Thorn should have been watching where she put her feet but her eyes kept drifting across the boat to Brand. While the others grumbled and stumbled and spewed curses he kept on, eyes ahead and wet hair stuck to his clenched jaw, thick muscles in his sweat-beaded shoulders working as he hefted all that weight with no complaints. That was strength right there. Strength like Thorn’s father had, solid and silent and certain as Father Earth. She remembered Queen Laithlin’s last words to her. Fools boast of what they will do. Heroes do it.

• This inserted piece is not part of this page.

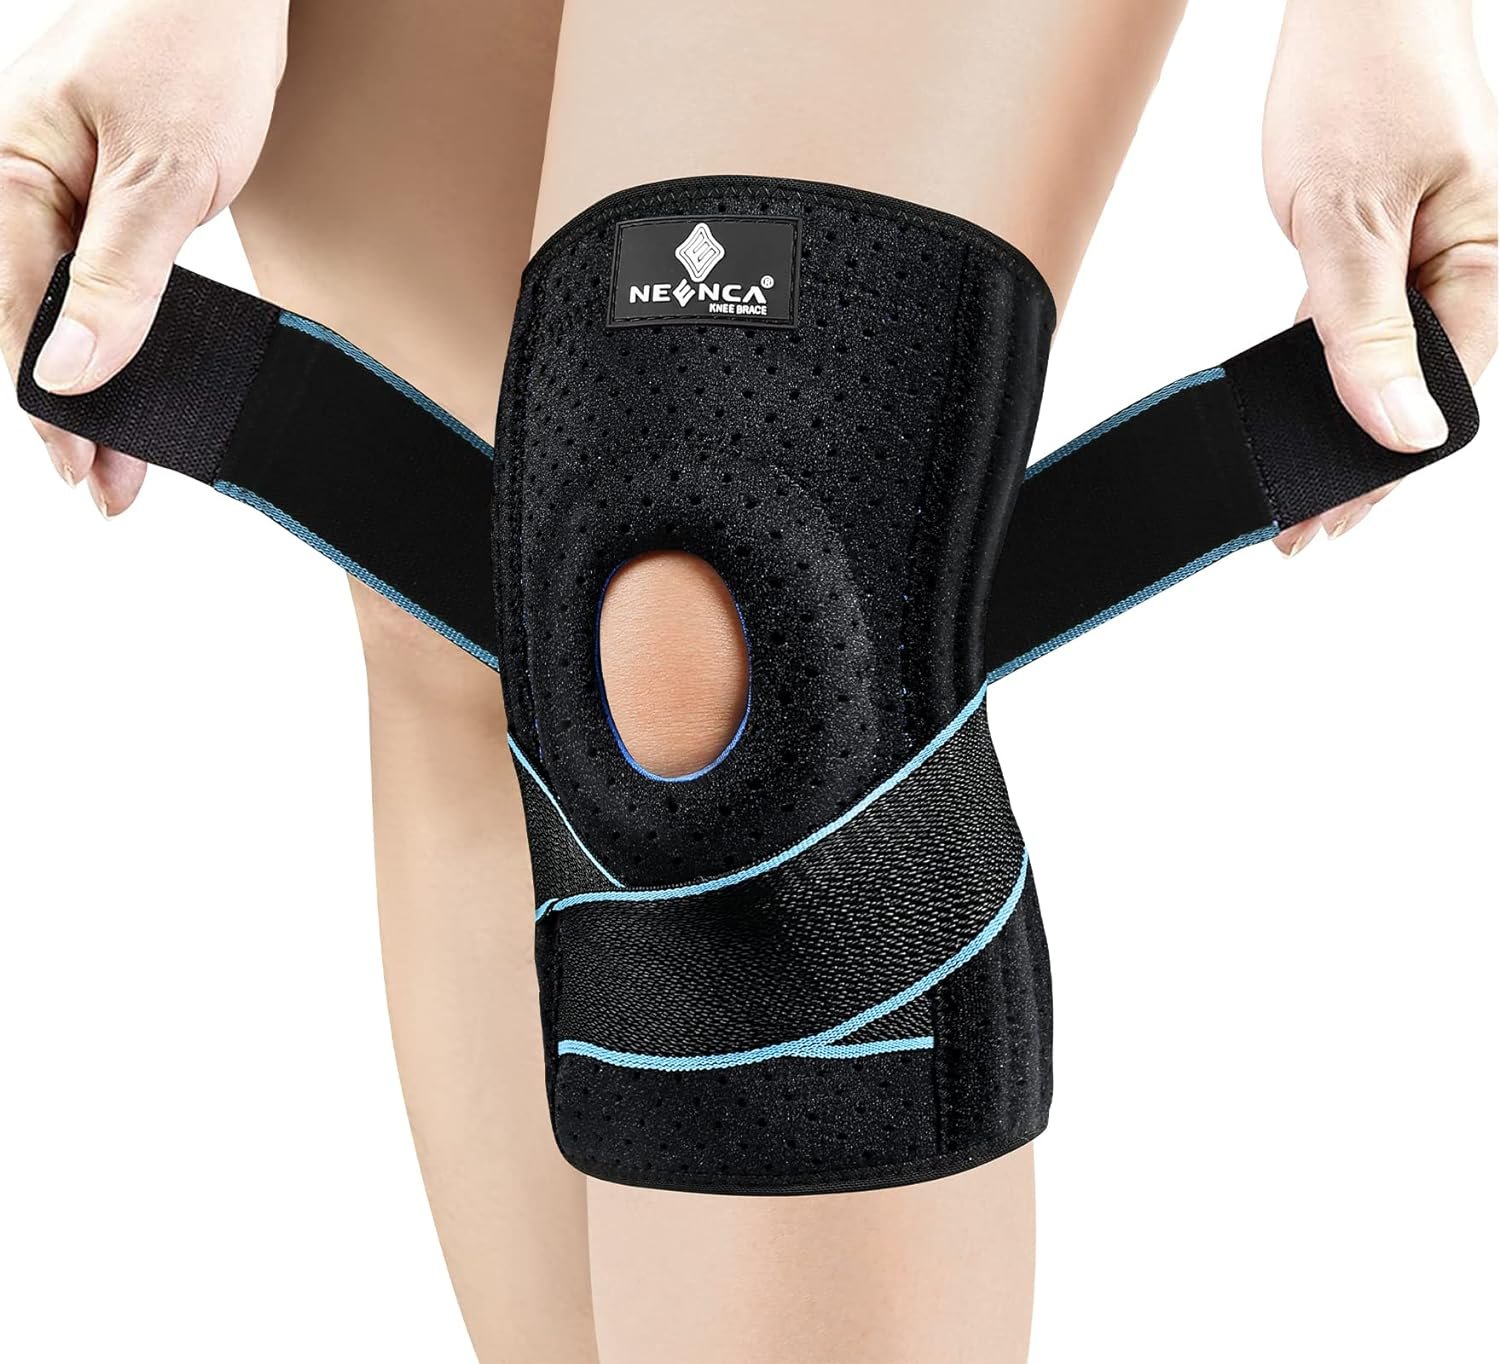 NEENCA Knee Braces for Knee Pain Men  Women, Adjustable Knee Support with Patella Gel Pad  Side Stabilizers, Medical Knee Wrap for Arthritis, Meniscus Tear, ACL, Pain Relief, Running, Sports. ACE-54

And Thorn glanced across at Brand again and found herself wishing she was more like him.
“Yes, indeed,” murmured Safrit as she held the waterskin to Thorn’s cracked lips so she could drink without letting go her rope. “That is a well-made lad.”

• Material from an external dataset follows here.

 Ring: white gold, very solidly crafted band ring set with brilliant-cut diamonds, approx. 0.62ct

Thorn jerked her eyes away, got half her mouthful down her windpipe and near choked on it. “Don’t know what you’re speaking of.”
“Course not.” Safrit pushed her tongue into her cheek. “That must be why you keep not looking.”
Once they even passed a ship being hauled the other way by a crowd of sweat-bathed Lowlanders, and they nodded to each other but wasted no breath on greetings. Thorn had no breath to spare, chest on fire and every muscle aching. Even her toenails hurt.
“I’m no great enthusiast … for rowing,” she snarled, “but I’d damn sure rather … row a ship … than carry it.”
With one last effort they heaved the South Wind over a stubborn brow and onto the flat, the runners grinding to a halt.
“We’ll rest here for now!” called Father Yarvi.
There was a chorus of grateful groans, and men tied their ropes off around the nearest trees, dropping among the knotted roots where they stood.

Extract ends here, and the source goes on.